[Assigned task] Below are entries with pictures among them; reproduce exactly, and only, the lines from the one containing "Granulocyte-Macrophage Colony-Stimulating Factor" down to the one containing "Rio de Janeiro", without the pictures.

[Supplied records]
━━━

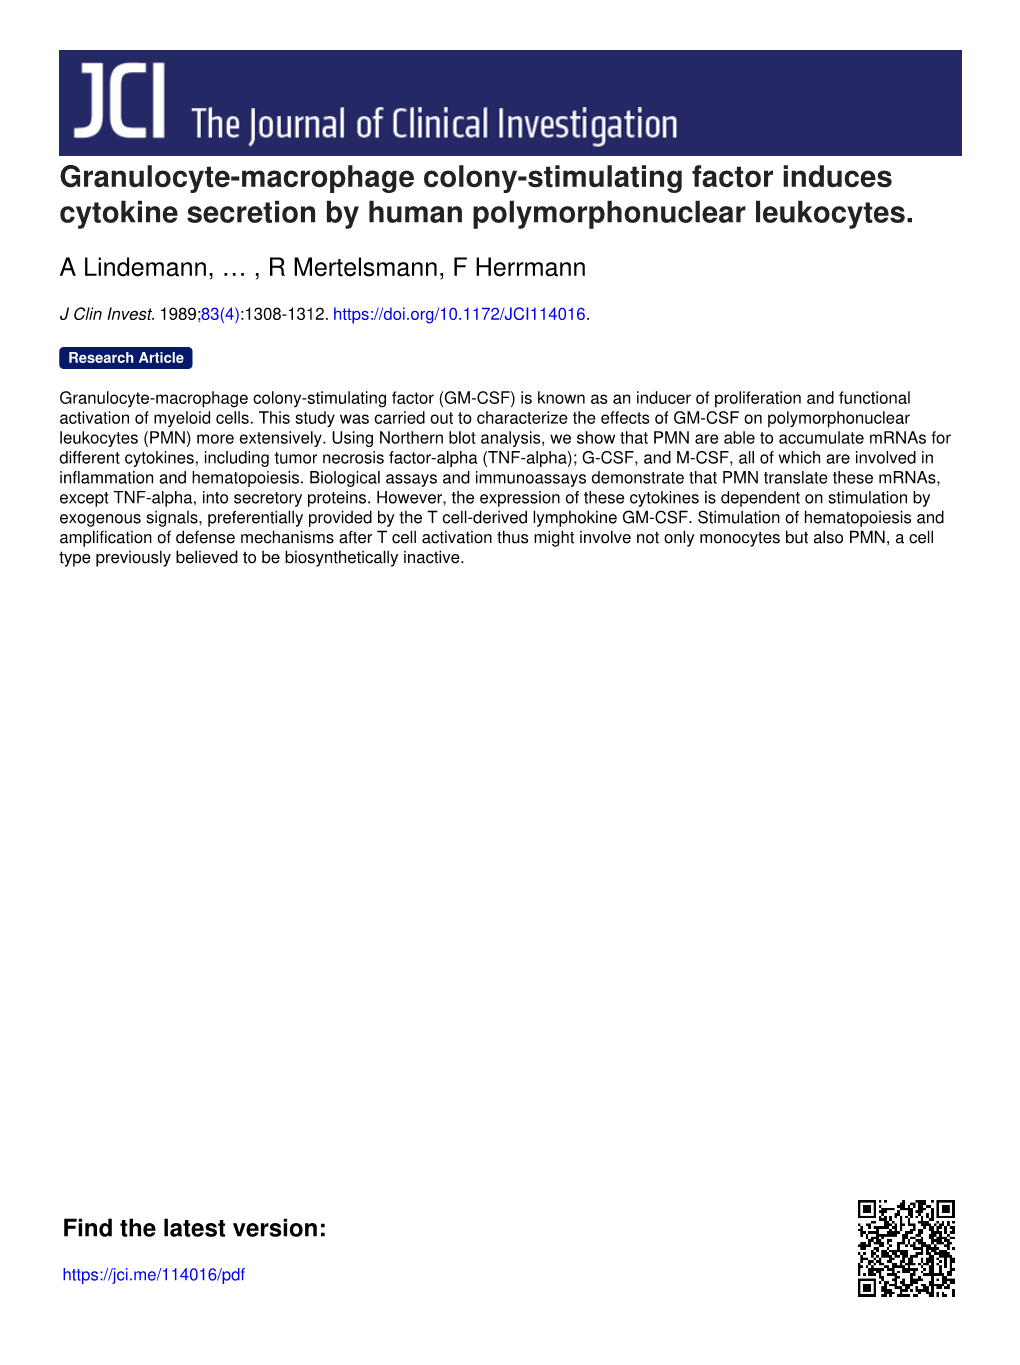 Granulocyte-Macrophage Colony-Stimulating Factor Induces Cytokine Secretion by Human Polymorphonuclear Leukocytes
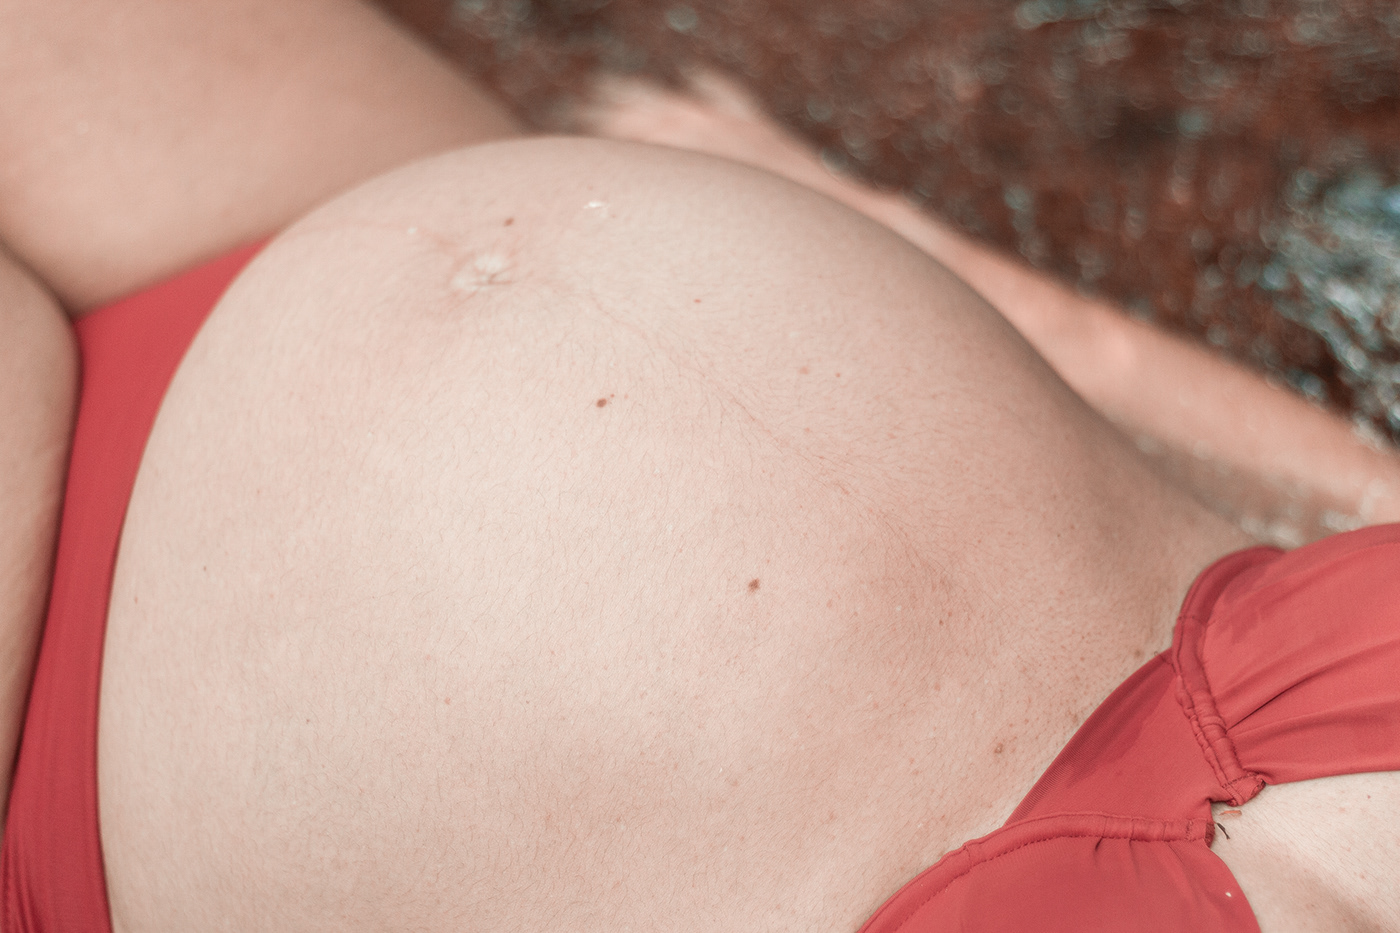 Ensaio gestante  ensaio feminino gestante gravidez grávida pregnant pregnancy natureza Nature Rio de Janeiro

━━━

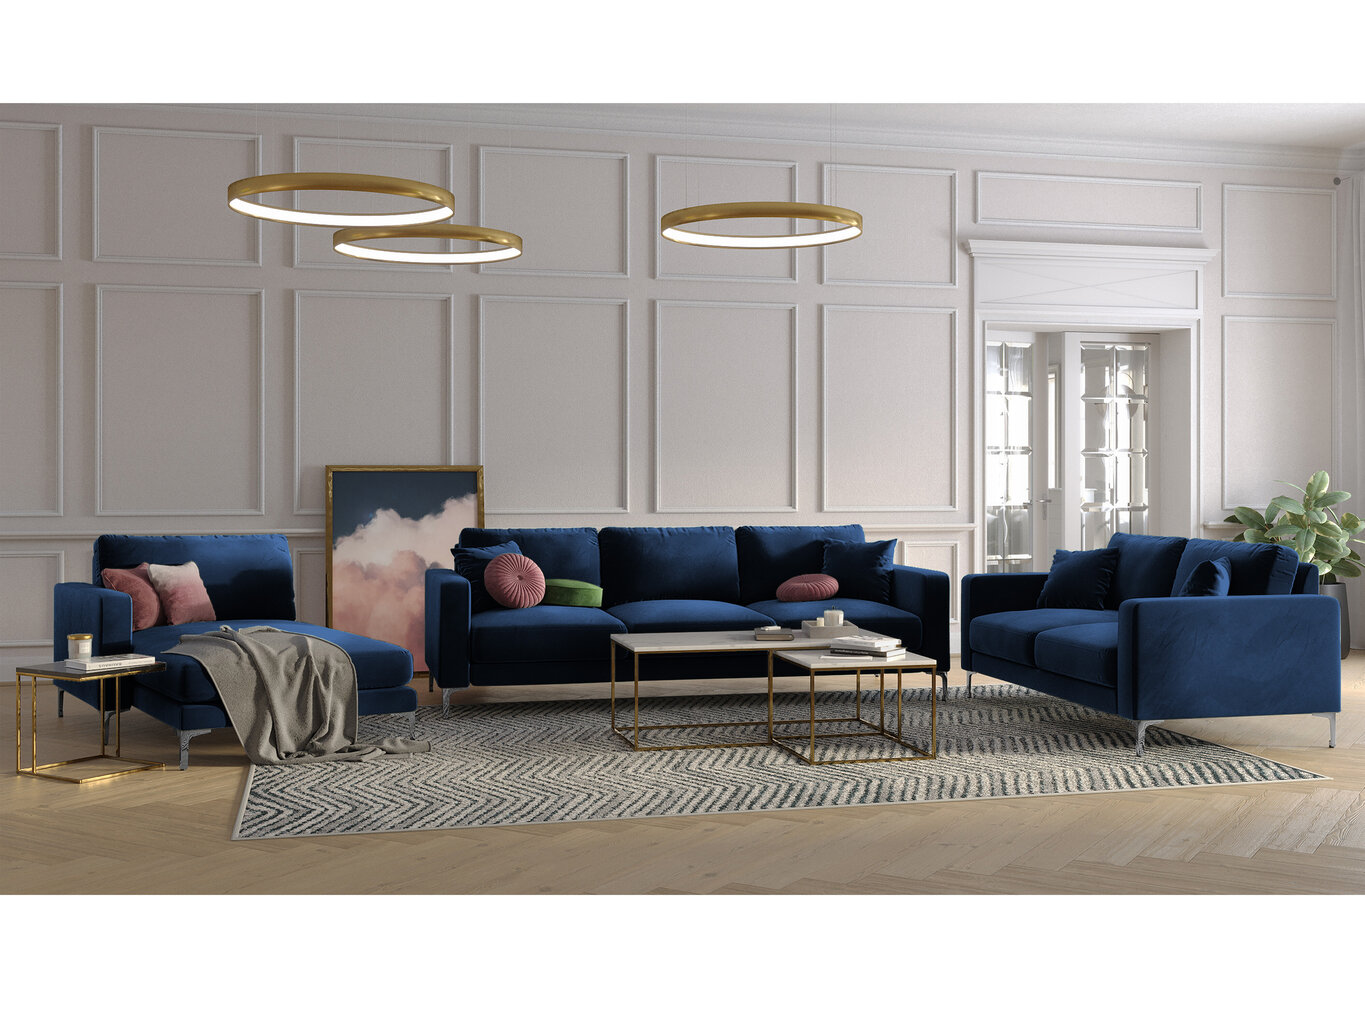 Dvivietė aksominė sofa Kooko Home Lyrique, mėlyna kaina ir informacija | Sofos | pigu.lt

━━━

[Written answer]
 Granulocyte-Macrophage Colony-Stimulating Factor Induces Cytokine Secretion by Human Polymorphonuclear Leukocytes
 Ensaio gestante  ensaio feminino gestante gravidez grávida pregnant pregnancy natureza Nature Rio de Janeiro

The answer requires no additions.